The two monks smile, nod, and depart with their candles.
We sit on the cold stone, wrap the blankets around ourselves, and try to eat our rice and yogurt. All through the temple, the rising wind howls with a woman’s terrified scream. It is very cold and growing colder.
“I wonder how old that mural is,” says Jean-Claude.
“It was painted only last autumn, Sahibs,” says Norbu Chedi. “I heard the other monks speak of it.”
“After Mallory and Irvine disappeared,” I say. “Why?”
Norbu Chedi pokes at his rice. “Word spread both at the monastery here and at Tingri and other villages that the sahibs had left much food behind at their higher camps—rice, oil, tsampa, much food.”
“What is tsampa?” I ask.
“It is barley flour, roasted,” says Norbu Chedi. “At any rate, when some of the villagers and some of the herders from the valley went up the East Rongbuk Glacier to claim this abandoned food, but about where you and Sahib Deacon have put our Camp Three, seven yetis leaped out of their hiding place in the caves in the ice and chased the young herders and villagers all the way off the glacier, all the way out of the valley. So Dzatrul Rinpoche had this mural painted as a warning to the greedy and foolish who would follow the foreign sahibs into such dangerous territory.”
“Wonderful,” I say.
We curl up in our respective blankets, but it is too cold to sleep. The monastery echoes to wind whistles, the distant slap of sandals on stone, the occasional dismal chanting, and the unceasing whir of prayer wheels spinning.

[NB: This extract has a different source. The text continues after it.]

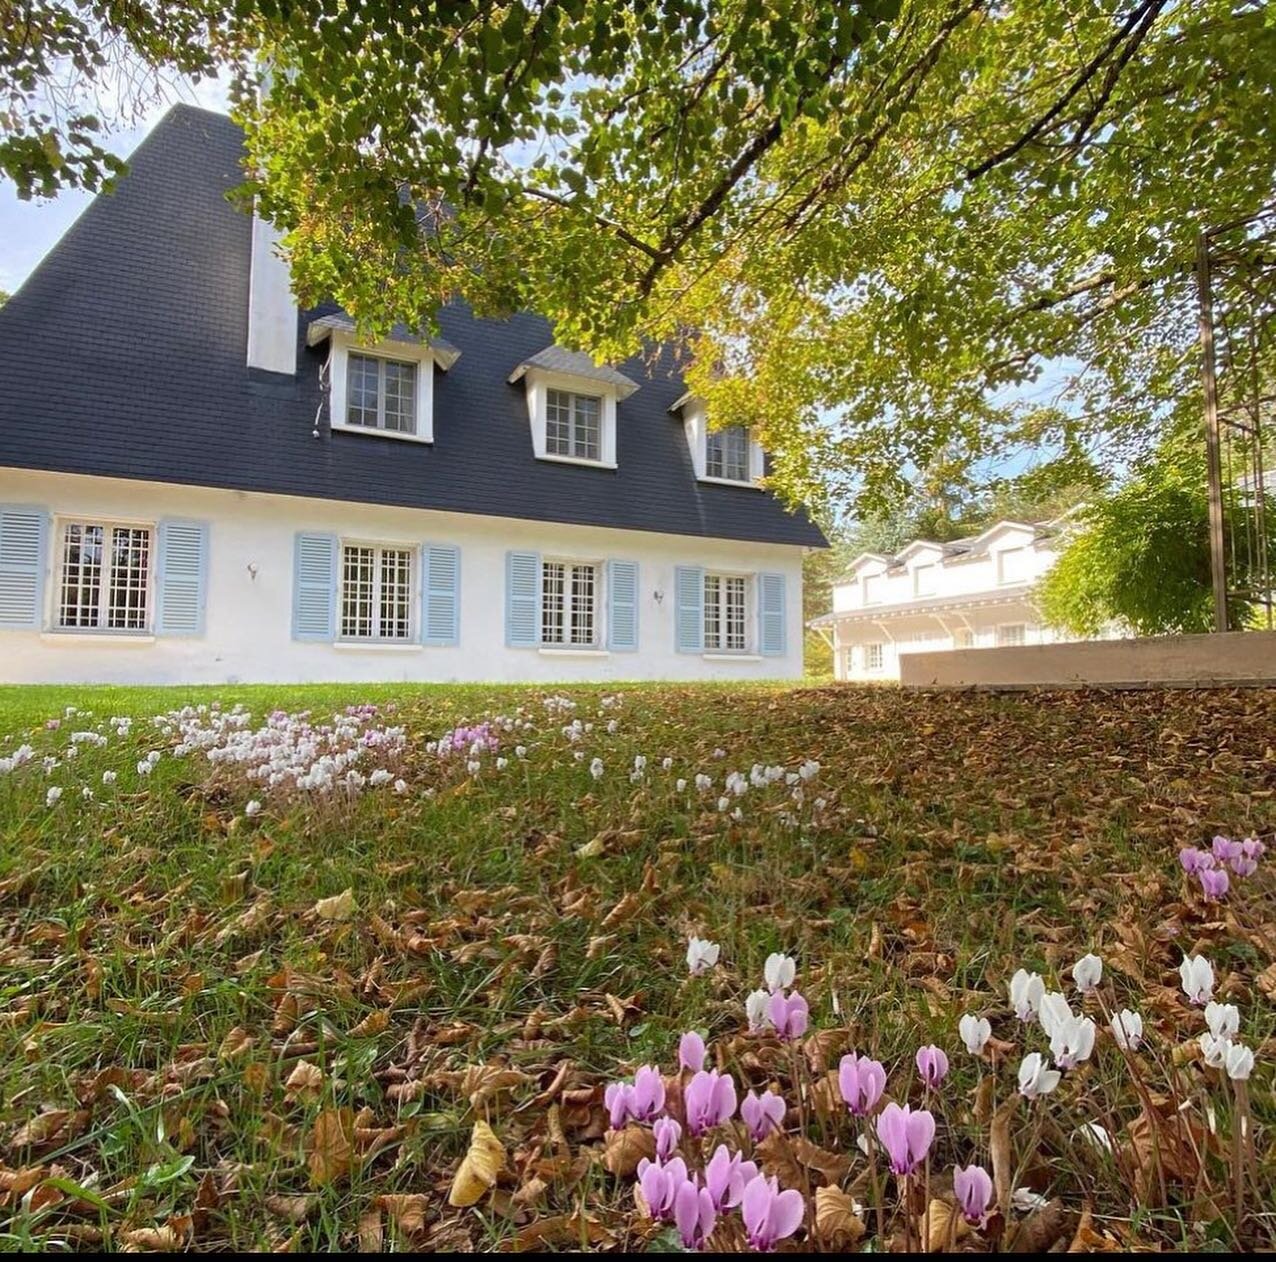 We are currently on a tour of Europe, scoping out luxury group accommodation and getting some great ideas for Graysons Estate. We have just checked out of this gorgeous &quot;manoir&quot;  in France. Like Graysons, it can sleep up to 30 guests and ha

Without saying anything to one another, we decide to leave the candle burning between us and the mural.
Friday, May 15, 1925
The high priest comes for us—I can’t say “wakes us” because neither J.C. nor I has slept a minute all night—sometime around 4:30 a.m. Norbu Chedi has chosen to sleep outside in the cold and wind, and I can’t say I blame him. The candle the priest is holding, like so many others in the Rongbuk Monastery, consists of ghee butter in a tiny bowl. It smells terrible.
I’ve realized through the endless night that I hate the smell of everything in this supposedly sacred place. It’s not because of filth—Rongbuk Monastery is one of the cleanest places I’ve seen in all of Tibet—but rather because of some mixture of the underlying scent of unwashed bodies (Tibetans tend to bathe once a year, in the autumn), the reeking ghee lamps, a heavy musky odor of incense, and the very stones of the building, which seem to have a coppery smell, like freshly spilled blood. I chastise myself for this last thought, for the Tibetan Buddhists here are nothing if not nonviolent. In the beyuls nearby—the sacred valleys made loci of dharma energy by the white magic of Guru Rinpoche so many centuries ago—the animals have been left unmolested for so many generations, the Deacon has told us, that undomesticated mountain sheep will come into your tent, wild swans will come to eat out of your hand, and the white wolf of the Himalayas is said not to kill his prey there.
A monk appears in the dimness, and we follow him and his flickering ghee lamp through the labyrinth of rooms. Norbu Chedi is still knuckling his eyes as a second priest joins us.